> **Aim of the task**
An exact copy of every record is the expected answer.

> **Raw data**

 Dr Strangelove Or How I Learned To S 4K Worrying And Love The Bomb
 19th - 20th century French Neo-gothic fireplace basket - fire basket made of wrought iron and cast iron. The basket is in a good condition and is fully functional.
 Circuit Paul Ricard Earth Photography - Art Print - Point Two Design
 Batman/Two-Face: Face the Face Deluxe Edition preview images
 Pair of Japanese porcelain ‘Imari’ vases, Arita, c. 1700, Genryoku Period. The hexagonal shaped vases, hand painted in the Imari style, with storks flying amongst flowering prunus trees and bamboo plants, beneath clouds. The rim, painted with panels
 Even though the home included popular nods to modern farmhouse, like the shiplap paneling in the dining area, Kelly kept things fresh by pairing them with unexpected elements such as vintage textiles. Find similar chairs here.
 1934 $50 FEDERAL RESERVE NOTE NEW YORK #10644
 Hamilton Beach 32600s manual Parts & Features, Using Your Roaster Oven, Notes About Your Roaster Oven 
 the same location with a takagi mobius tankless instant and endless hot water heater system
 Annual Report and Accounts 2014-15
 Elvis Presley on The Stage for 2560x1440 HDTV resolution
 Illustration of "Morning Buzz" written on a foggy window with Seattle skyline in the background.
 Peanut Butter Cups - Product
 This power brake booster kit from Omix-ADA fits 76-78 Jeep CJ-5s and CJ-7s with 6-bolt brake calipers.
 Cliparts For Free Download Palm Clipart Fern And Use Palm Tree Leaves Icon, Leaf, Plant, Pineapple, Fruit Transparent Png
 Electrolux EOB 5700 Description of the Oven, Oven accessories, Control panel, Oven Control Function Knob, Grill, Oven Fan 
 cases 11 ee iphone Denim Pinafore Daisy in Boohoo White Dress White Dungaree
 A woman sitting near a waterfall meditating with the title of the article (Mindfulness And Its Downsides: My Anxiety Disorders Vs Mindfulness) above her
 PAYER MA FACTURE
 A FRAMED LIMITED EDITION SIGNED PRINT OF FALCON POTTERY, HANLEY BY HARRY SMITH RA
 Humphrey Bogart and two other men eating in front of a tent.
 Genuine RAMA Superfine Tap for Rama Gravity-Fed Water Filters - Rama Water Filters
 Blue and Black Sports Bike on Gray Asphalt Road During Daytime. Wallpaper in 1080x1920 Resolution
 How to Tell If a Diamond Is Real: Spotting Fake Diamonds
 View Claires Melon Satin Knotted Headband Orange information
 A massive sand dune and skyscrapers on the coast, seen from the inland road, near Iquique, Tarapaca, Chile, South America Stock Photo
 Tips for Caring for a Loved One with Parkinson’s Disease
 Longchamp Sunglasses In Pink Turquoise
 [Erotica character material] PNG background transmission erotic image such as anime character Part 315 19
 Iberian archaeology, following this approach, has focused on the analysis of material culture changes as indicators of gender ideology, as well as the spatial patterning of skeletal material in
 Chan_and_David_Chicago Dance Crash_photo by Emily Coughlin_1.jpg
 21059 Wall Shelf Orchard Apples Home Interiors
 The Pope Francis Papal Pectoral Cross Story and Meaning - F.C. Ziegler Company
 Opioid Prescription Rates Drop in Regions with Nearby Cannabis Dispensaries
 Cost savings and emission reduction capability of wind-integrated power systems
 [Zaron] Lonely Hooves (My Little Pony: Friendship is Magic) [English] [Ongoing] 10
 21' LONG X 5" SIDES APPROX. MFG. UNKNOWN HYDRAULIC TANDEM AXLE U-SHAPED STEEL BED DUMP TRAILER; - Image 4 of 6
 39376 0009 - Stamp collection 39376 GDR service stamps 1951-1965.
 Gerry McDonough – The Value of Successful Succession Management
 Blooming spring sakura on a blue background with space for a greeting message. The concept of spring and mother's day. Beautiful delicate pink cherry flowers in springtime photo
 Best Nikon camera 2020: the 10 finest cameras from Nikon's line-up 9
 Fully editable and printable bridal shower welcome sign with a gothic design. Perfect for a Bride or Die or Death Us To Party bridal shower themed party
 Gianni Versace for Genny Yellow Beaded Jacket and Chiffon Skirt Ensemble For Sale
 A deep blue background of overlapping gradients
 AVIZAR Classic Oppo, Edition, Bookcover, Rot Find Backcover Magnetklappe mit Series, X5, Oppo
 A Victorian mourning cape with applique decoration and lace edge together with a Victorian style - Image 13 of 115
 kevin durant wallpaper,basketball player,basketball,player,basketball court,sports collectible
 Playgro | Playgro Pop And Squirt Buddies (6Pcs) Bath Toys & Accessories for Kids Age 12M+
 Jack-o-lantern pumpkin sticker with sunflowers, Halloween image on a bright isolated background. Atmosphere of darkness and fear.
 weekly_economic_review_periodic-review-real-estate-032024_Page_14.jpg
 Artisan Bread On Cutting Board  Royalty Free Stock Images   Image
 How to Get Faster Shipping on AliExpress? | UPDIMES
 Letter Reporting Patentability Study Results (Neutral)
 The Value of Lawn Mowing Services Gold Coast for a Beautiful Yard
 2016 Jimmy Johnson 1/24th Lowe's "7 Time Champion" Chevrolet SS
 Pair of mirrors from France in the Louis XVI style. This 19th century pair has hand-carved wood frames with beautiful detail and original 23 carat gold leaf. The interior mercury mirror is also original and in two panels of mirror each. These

> **Response**
 Dr Strangelove Or How I Learned To S 4K Worrying And Love The Bomb
 19th - 20th century French Neo-gothic fireplace basket - fire basket made of wrought iron and cast iron. The basket is in a good condition and is fully functional.
 Circuit Paul Ricard Earth Photography - Art Print - Point Two Design
 Batman/Two-Face: Face the Face Deluxe Edition preview images
 Pair of Japanese porcelain ‘Imari’ vases, Arita, c. 1700, Genryoku Period. The hexagonal shaped vases, hand painted in the Imari style, with storks flying amongst flowering prunus trees and bamboo plants, beneath clouds. The rim, painted with panels
 Even though the home included popular nods to modern farmhouse, like the shiplap paneling in the dining area, Kelly kept things fresh by pairing them with unexpected elements such as vintage textiles. Find similar chairs here.
 1934 $50 FEDERAL RESERVE NOTE NEW YORK #10644
 Hamilton Beach 32600s manual Parts & Features, Using Your Roaster Oven, Notes About Your Roaster Oven 
 the same location with a takagi mobius tankless instant and endless hot water heater system
 Annual Report and Accounts 2014-15
 Elvis Presley on The Stage for 2560x1440 HDTV resolution
 Illustration of "Morning Buzz" written on a foggy window with Seattle skyline in the background.
 Peanut Butter Cups - Product
 This power brake booster kit from Omix-ADA fits 76-78 Jeep CJ-5s and CJ-7s with 6-bolt brake calipers.
 Cliparts For Free Download Palm Clipart Fern And Use Palm Tree Leaves Icon, Leaf, Plant, Pineapple, Fruit Transparent Png
 Electrolux EOB 5700 Description of the Oven, Oven accessories, Control panel, Oven Control Function Knob, Grill, Oven Fan 
 cases 11 ee iphone Denim Pinafore Daisy in Boohoo White Dress White Dungaree
 A woman sitting near a waterfall meditating with the title of the article (Mindfulness And Its Downsides: My Anxiety Disorders Vs Mindfulness) above her
 PAYER MA FACTURE
 A FRAMED LIMITED EDITION SIGNED PRINT OF FALCON POTTERY, HANLEY BY HARRY SMITH RA
 Humphrey Bogart and two other men eating in front of a tent.
 Genuine RAMA Superfine Tap for Rama Gravity-Fed Water Filters - Rama Water Filters
 Blue and Black Sports Bike on Gray Asphalt Road During Daytime. Wallpaper in 1080x1920 Resolution
 How to Tell If a Diamond Is Real: Spotting Fake Diamonds
 View Claires Melon Satin Knotted Headband Orange information
 A massive sand dune and skyscrapers on the coast, seen from the inland road, near Iquique, Tarapaca, Chile, South America Stock Photo
 Tips for Caring for a Loved One with Parkinson’s Disease
 Longchamp Sunglasses In Pink Turquoise
 [Erotica character material] PNG background transmission erotic image such as anime character Part 315 19
 Iberian archaeology, following this approach, has focused on the analysis of material culture changes as indicators of gender ideology, as well as the spatial patterning of skeletal material in
 Chan_and_David_Chicago Dance Crash_photo by Emily Coughlin_1.jpg
 21059 Wall Shelf Orchard Apples Home Interiors
 The Pope Francis Papal Pectoral Cross Story and Meaning - F.C. Ziegler Company
 Opioid Prescription Rates Drop in Regions with Nearby Cannabis Dispensaries
 Cost savings and emission reduction capability of wind-integrated power systems
 [Zaron] Lonely Hooves (My Little Pony: Friendship is Magic) [English] [Ongoing] 10
 21' LONG X 5" SIDES APPROX. MFG. UNKNOWN HYDRAULIC TANDEM AXLE U-SHAPED STEEL BED DUMP TRAILER; - Image 4 of 6
 39376 0009 - Stamp collection 39376 GDR service stamps 1951-1965.
 Gerry McDonough – The Value of Successful Succession Management
 Blooming spring sakura on a blue background with space for a greeting message. The concept of spring and mother's day. Beautiful delicate pink cherry flowers in springtime photo
 Best Nikon camera 2020: the 10 finest cameras from Nikon's line-up 9
 Fully editable and printable bridal shower welcome sign with a gothic design. Perfect for a Bride or Die or Death Us To Party bridal shower themed party
 Gianni Versace for Genny Yellow Beaded Jacket and Chiffon Skirt Ensemble For Sale
 A deep blue background of overlapping gradients
 AVIZAR Classic Oppo, Edition, Bookcover, Rot Find Backcover Magnetklappe mit Series, X5, Oppo
 A Victorian mourning cape with applique decoration and lace edge together with a Victorian style - Image 13 of 115
 kevin durant wallpaper,basketball player,basketball,player,basketball court,sports collectible
 Playgro | Playgro Pop And Squirt Buddies (6Pcs) Bath Toys & Accessories for Kids Age 12M+
 Jack-o-lantern pumpkin sticker with sunflowers, Halloween image on a bright isolated background. Atmosphere of darkness and fear.
 weekly_economic_review_periodic-review-real-estate-032024_Page_14.jpg
 Artisan Bread On Cutting Board  Royalty Free Stock Images   Image
 How to Get Faster Shipping on AliExpress? | UPDIMES
 Letter Reporting Patentability Study Results (Neutral)
 The Value of Lawn Mowing Services Gold Coast for a Beautiful Yard
 2016 Jimmy Johnson 1/24th Lowe's "7 Time Champion" Chevrolet SS
 Pair of mirrors from France in the Louis XVI style. This 19th century pair has hand-carved wood frames with beautiful detail and original 23 carat gold leaf. The interior mercury mirror is also original and in two panels of mirror each. These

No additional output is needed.